The Government of India's continuing thrust on Atmanirbhar Bharat and Make- in-India has directly opened up a plethora of opportunities for indigenisation of imported gearboxes, and we expect this to be a growth driver for both the industry as well as the aftermarket business and including defence as well.
In the Defence segment, the business expects increased order booking from some critical segments, and we have progressed quite a long way. Of course, during the course of the elections, there were a few orders that were finalised again, and we're anticipating that over the next few weeks and quarters, we will be able to get back to the solution, and there's a lot of business that is awarded where we are contending.
As far as the Water business outlook is concerned, we are placed very favourably in a variety of different bits, and we are expecting to get those awards in the next few weeks. So that's quite close and we are actually very positive about a few of those bids as well.
From a longer-term perspective, given the significant gap between the demand and the current availability of water and wastewater treatment plants, the water sector, by and large has a very, very positive outlook in the nation. And not just in the nation, also internationally, we're seeing a lot more focus coming on water. And the Company continues to evaluate various international opportunities and intend to participate in several tenders for international projects.
Turning quickly to the Company's new subsidiary, SSEL - Sir Shadi Lal Enterprises Limited. During the quarter, the Company has further acquired 36.34% equity stake of SSEL on June 20th from the balance members of the Promoter group under the share purchase agreement. The Company now cumulatively holds 61.77% of the total shareholding of SSEL.
Consequently, the Company has become a subsidiary of Triveni and the Company in compliance with applicable laws has launched an open offer with the acquisition of 26% voting shares of SSEL, this was done on January 30, 2024, but that process is well underway. We have received SEBI approval, and we expect that open offer to conclude during the month of August 2024.

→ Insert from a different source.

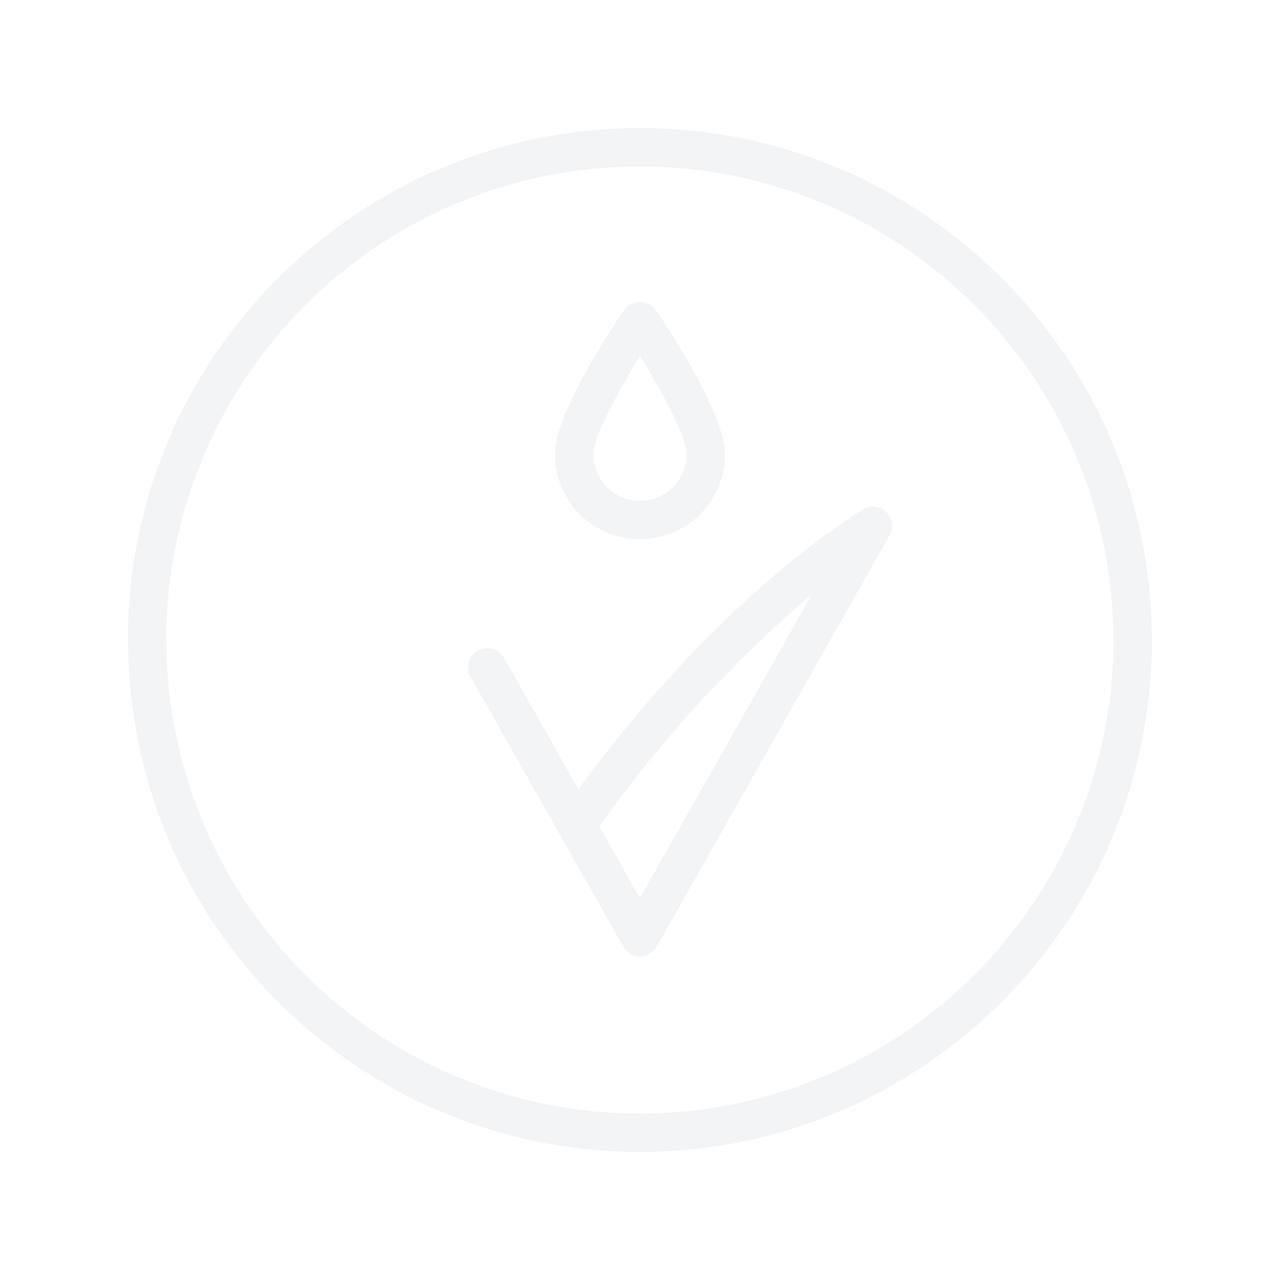 BIOKAP Nutricolor 7.4 Auburn Blond Permanent Hair Dye 140ml

In terms of concluding remarks, I think we are very hopeful for a robust performance from the sugar sector this coming year and a robust performance of the distillery sector this coming year. Led by improvements in pricing, led by more availability of raw material on the sugar side, we're expecting great quantum for sugarcane. And then we have a very positive outlook on the Engineering businesses as well as I had mentioned, both gearboxes, defence as well as in the water and wastewater management.
I'd be delighted now to take some questions.
Thank you very much. We'll now begin the question-and-answer session. The first question is from the line of Sanjay Manyal from DAM Capital. Please go ahead.
Hi, I have a few questions on the sugarcane crushing side, means what is our expectation for the next season, given the last season was a bit subdued with 11% decline in crushing number. What is our expectation? What is the work we are doing in terms of the variety change in our catchment area?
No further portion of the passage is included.